Obama pledges justice in visit to Dutch embassy
WASHINGTON (AP) — President Barack Obama paid tribute Tuesday to the nearly 200 citizens of the Netherlands who died when a Malaysia Airlines flight was shot down in Ukraine, visiting the Netherlands Embassy in Washington and pledging unity during a phone call with the Dutch leader.
At the embassy, Obama said he wanted to assure the Dutch people that the U.S. will work with them to recover the bodies of their loved ones, to ensure a proper investigation and to bring those responsible to justice.
Adding his inscription to a condolence book, Obama said the sorrow Americans feel over the tragedy is made even more acute by the deep ties between the U.S. and the Netherlands.
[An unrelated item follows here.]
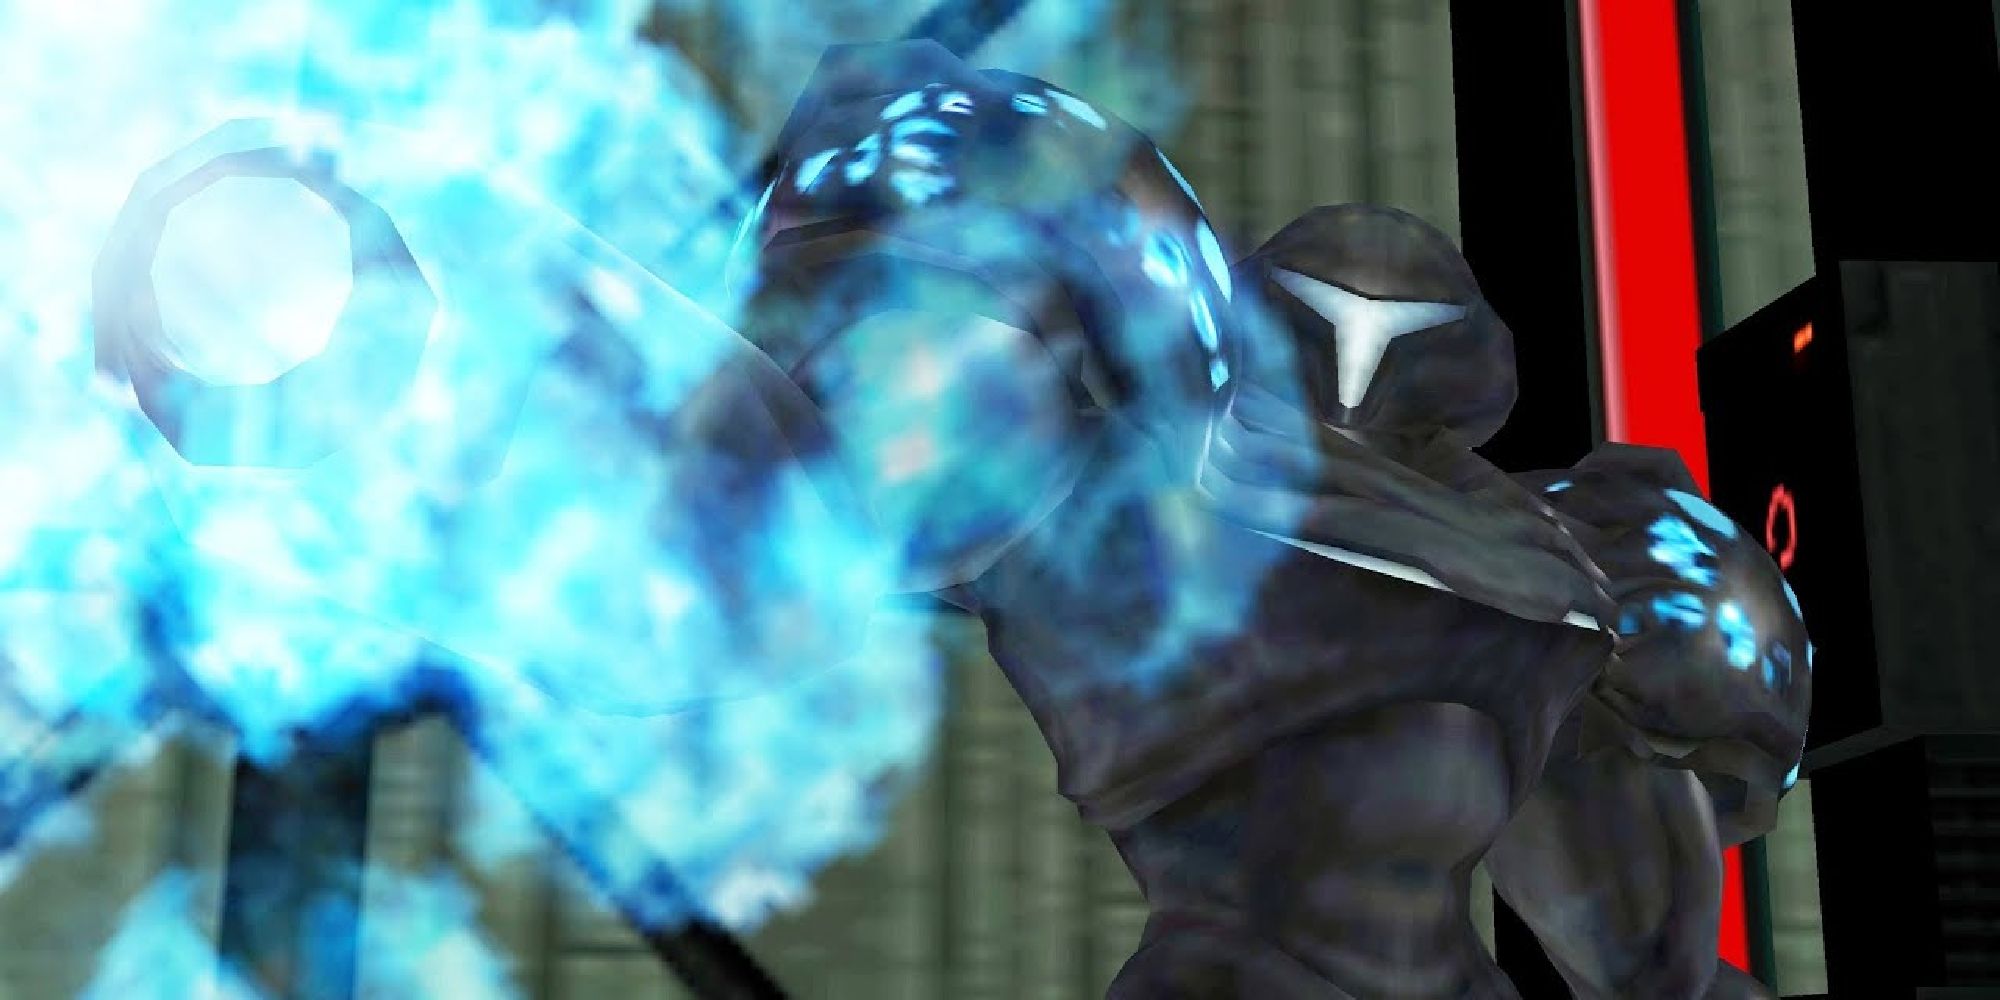 Dark Samus firing its weapon in Metroid Prime 2

"Bound by that friendship, we will not rest until we are certain that justice is done," Obama wrote.
Out of the 298 passengers and crew killed on the flight bound for Malaysia from Amsterdam, the Netherlands was the hardest hit nation, losing 193 citizens.
In a phone call later, Obama and Prime Minister Mark Rutte discussed concerns that Russia was continuing to send weapons and fighters into Ukraine to support pro-Russian separatists, the White House said. The U.S. has accused those separatists of launching the missile that brought down the plane.